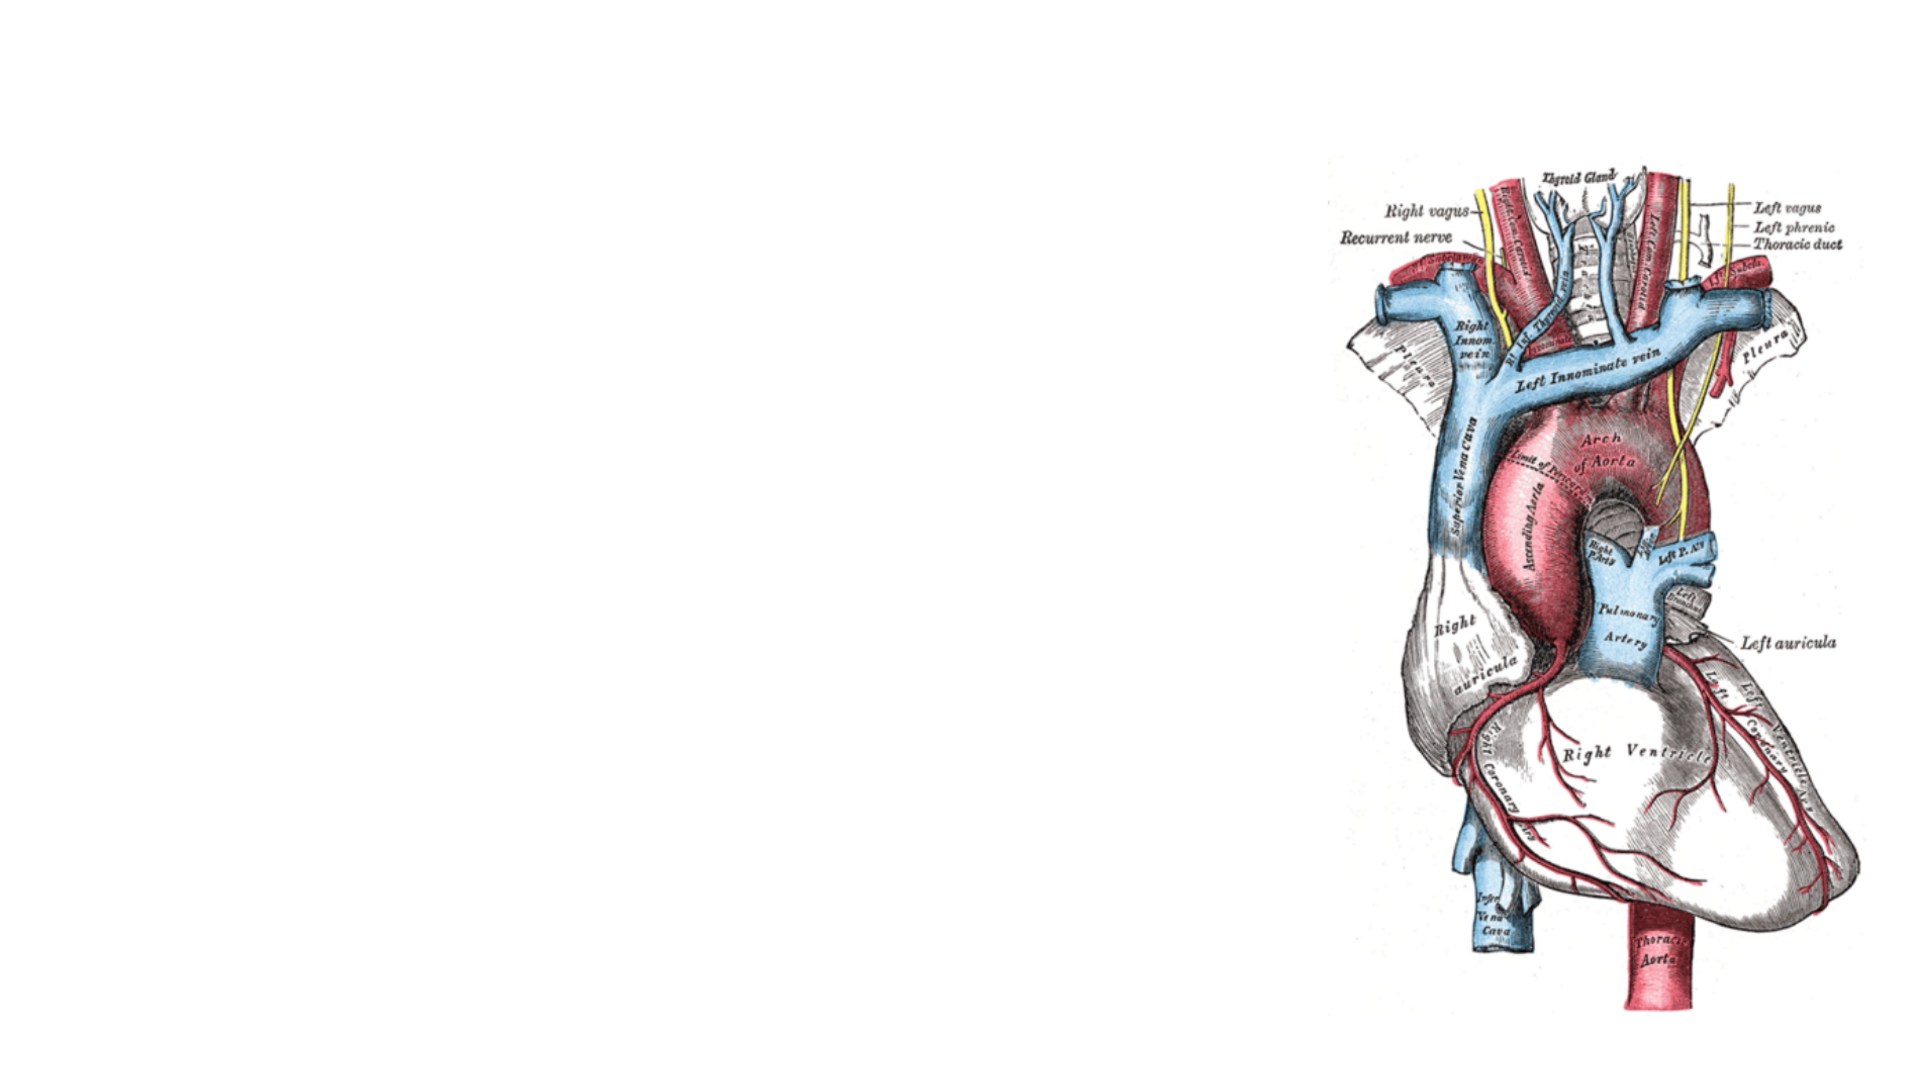 心脏解剖图
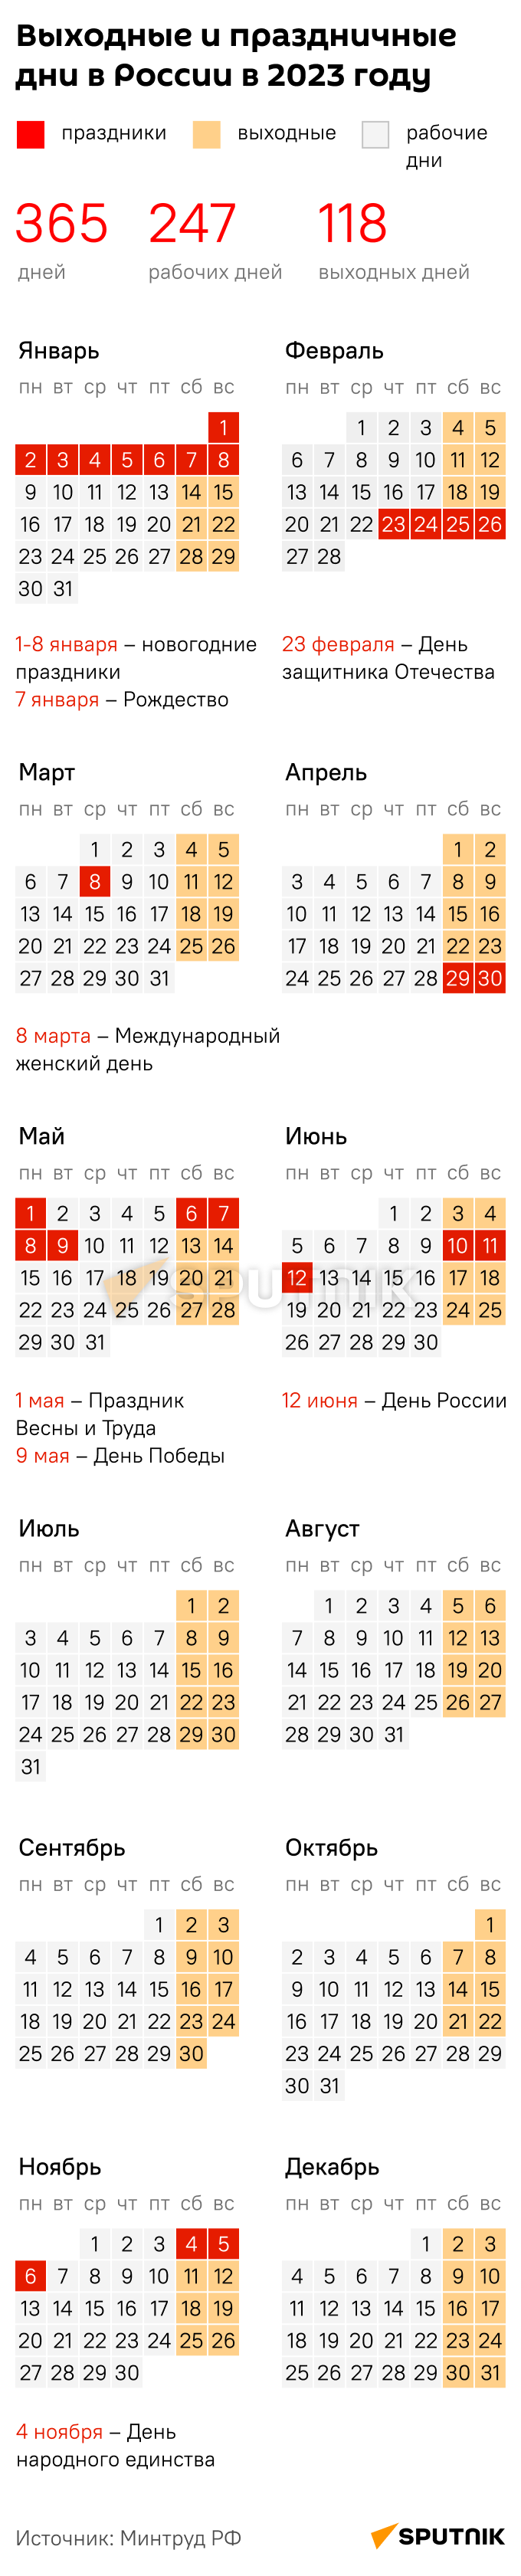 Производственный календарь 2023 год: праздники в России
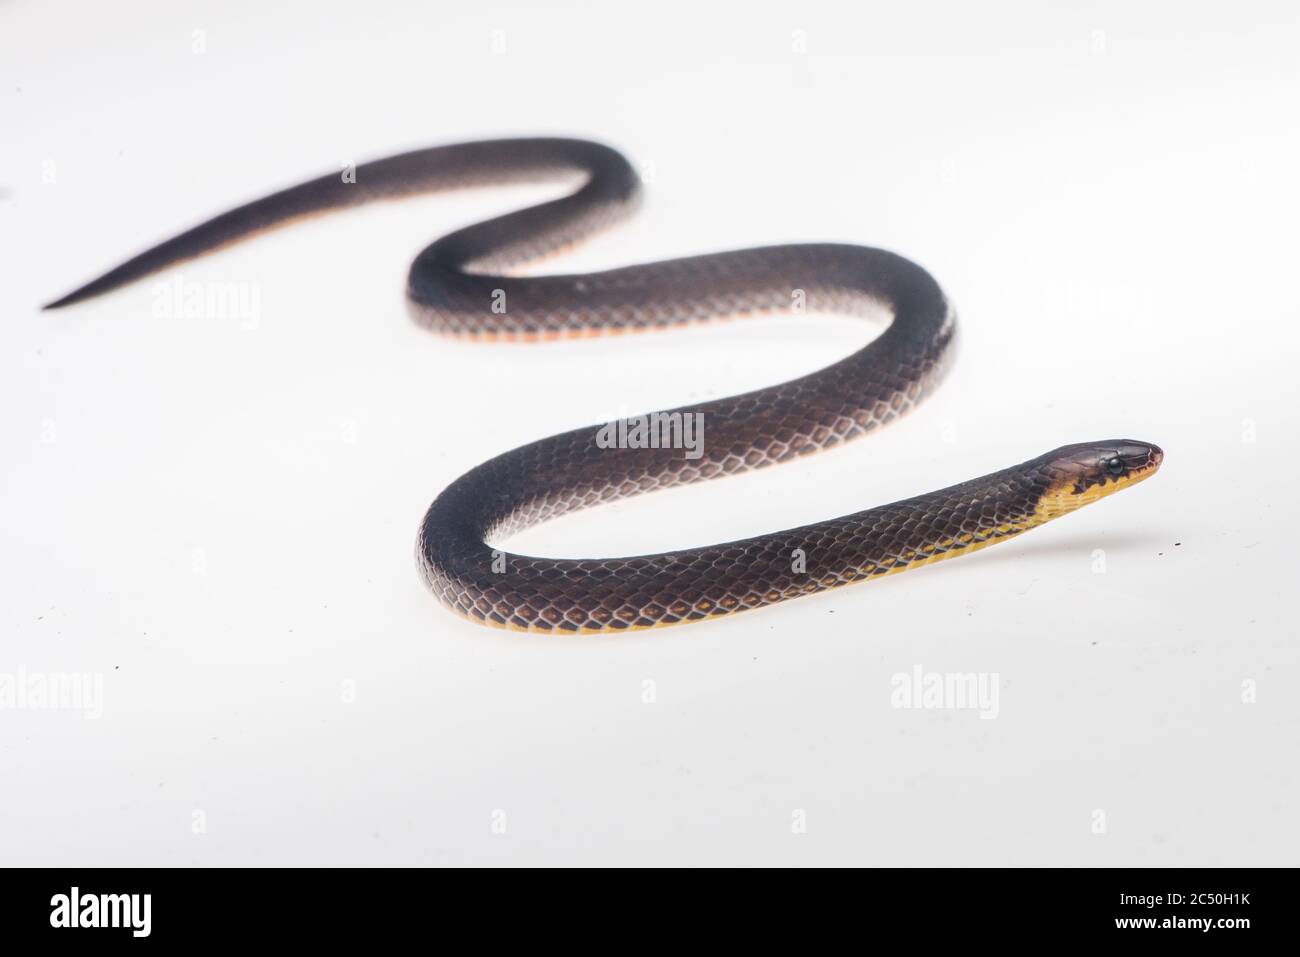 La serpiente molida de Orces (Atractus orcesi), una pequeña serpiente secreta que se encuentra en unos pocos sitios de las estribaciones amazónicas del Ecuador. Foto de stock

Try it
Exclude images. Return the data above verbatim.

Written solution
 心脏解剖图
 Производственный календарь 2023 год: праздники в России
 La serpiente molida de Orces (Atractus orcesi), una pequeña serpiente secreta que se encuentra en unos pocos sitios de las estribaciones amazónicas del Ecuador. Foto de stock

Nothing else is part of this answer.